SF-3-030 interacts with and modifies ERK2 via cysteine adduct formation. (A) Putative mechanisms of SF-3-030 adduct formation with cysteine residues on ERK2. (B) Space-filling model of ERK2 with highlighted cysteine residues and SF-3-030 modification site (adapted from Protein Data Bank Identification (PDB ID): 4GT3). Cysteine modifications determined by high-resolution liquid chromatography-tandem mass spectrometry. Cysteine residues are colored in (green), as well as the TXY motif (magenta), the F-recruitment site (red), and the primary modification site C252 (red font).

Lead compounds differentially regulate IEG levels in A375 cells. (A) Immunoblots for c-Fos, c-Jun, FosB/B2, Fra-1, and c-Myc proteins in cells treated with 10 μM SCH77294 or 25 μM SF-3-030 for 0–24 hours. (B) Phosphorylated (S383) and total Elk-1 levels in cells treated with 10 μM SCH77294 or 25 μM SF-3-030 for 0–24 hours. (C) Cells treated for 4 hours with varying doses of SF-2-110, SF-3-026, or SF-3-030. Controls include untreated or cells treated with 5 μM AZD6244 or SCH772984. Immunoblots show relative c-Fos, c-Jun, FosB/B2, Fra-1, and c-Myc protein levels. Levels of active ERK1/2 (ppERK1/2), total ERK2, and α-tubulin are shown to demonstrate ERK1/2 pathway activity and equal protein loading in (A) and (C). (D) Relative quantification of c-Fos, Fra-1, and c-Myc protein levels after 4 hours of exposure with 25 µM of SF-2-110 or SF-3-030. Mean and S.D. are from three independent experiments, and graph was determined via densitometry as described in the Materials and Methods. * and ** represent P < 0.05 and P < 0.01, respectively. (E) A375 cells were exposed to SF-3-030 for the indicated times and then incubated with fresh media without compound for a total incubation time of 24 hours. Lysates were immunoblotted for cleaved PARP, phosphorylated histone H3 (pH3), and total ERK2 for a loading control. Data are representative of three independent experiments. The numbers in each immunoblot represent the relative levels of protein, normalized to α-tubulin, as determined by densitometry.
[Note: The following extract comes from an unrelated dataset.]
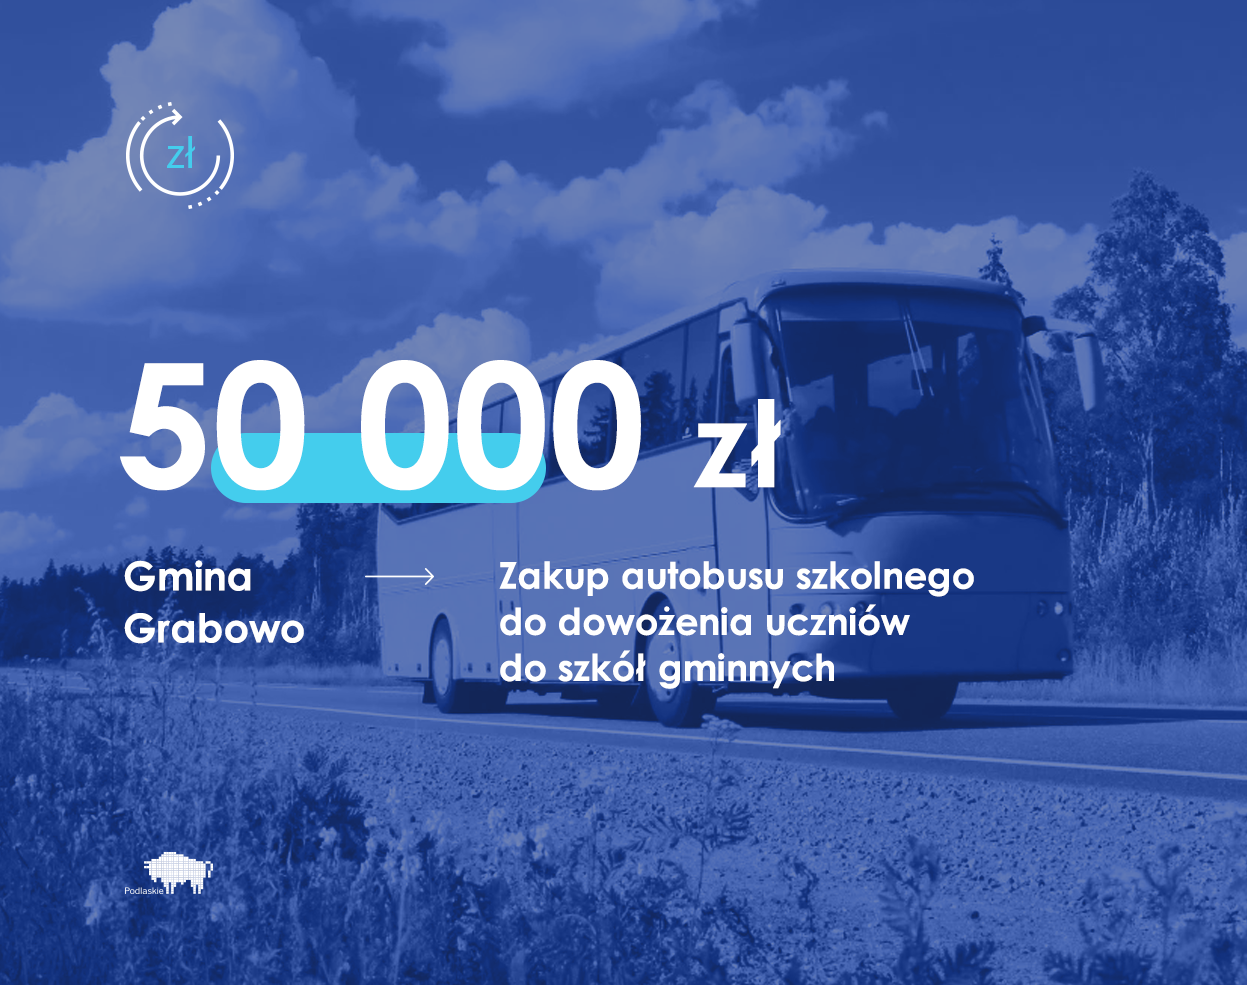 Grafika zawiera dane o przekazaniu 50 tys. zł na zakup autobusu szkolnego do dowożenia uczniów do szkół w gminie Grabowo

Molecular mass markers (kDa) are indicated on the right of each immunoblot.

SF-3-030 induces NRF2 levels. (A) Immunoblot analysis of NRF2 in A375 cells treated with 10 μM SCH772984 or 25 μM SF-3-030 for 0–24 hours. (B) NRF2 levels in A375 cells treated with 25 μM SF-3-030 ±5 mM NAC for 0, 1, or 4 hours. Nonspecific bands that crossreact with the NRF2 primary antibody are indicated (ns) for (A) and (B). The graph in (C) shows the densitometry quantitation of NRF2 under the conditions described in (B). Mean and S.D. are from three independent experiments. * indicates statistical significance compared with SF-3-030 treatment only (P < 0.05). The numbers in each immunoblot represent the relative levels of protein, normalized to α-tubulin, as determined by densitometry. Molecular mass markers are indicated on the left of each immunoblot.

SF-3-030 induction of ROS mediates inhibition of A375 cell proliferation. (A) ROS was measured by CellROX Deep Red reagent fluorescence in A375 cells treated with 25 μM SF-3-030 in the absence (white bars) or presence (black bars) of the following ROS inhibitors (ROSi): 10 mM sodium pyruvate (NaPyr), 100 mM mannitol (Mann), or 10 mM NAC for 60 minutes. Graphs represent three independent experiments, and each data point represents the mean ± S.D. from three wells with four fields of view per well and each field containing between 500 and 1000 cells. Statistical significance was determined within each experiment (* and ** represent P < 0.05 and P < 0.01, respectively). (B) A375 cell viability was measured after 48 hours in untreated or SF-3-030–treated cells in the absence (white bars) or presence (black bars) of the ROS inhibitors at the concentrations described in (A). The mean and S.D. for cell proliferation are from three independent experiments. ** indicates statistical significance (P < 0.01) compared with SF-3-030 treatment only. (C) Relative levels of c-Fos after 4 hours of treatment with SF-3-030 alone (white bars) or in combination with the indicated ROS inhibitors (black bars) at the concentrations indicated in (A). Relative c-Fos levels were determined by ProteinSimple immunoanalysis and normalized to total β-actin.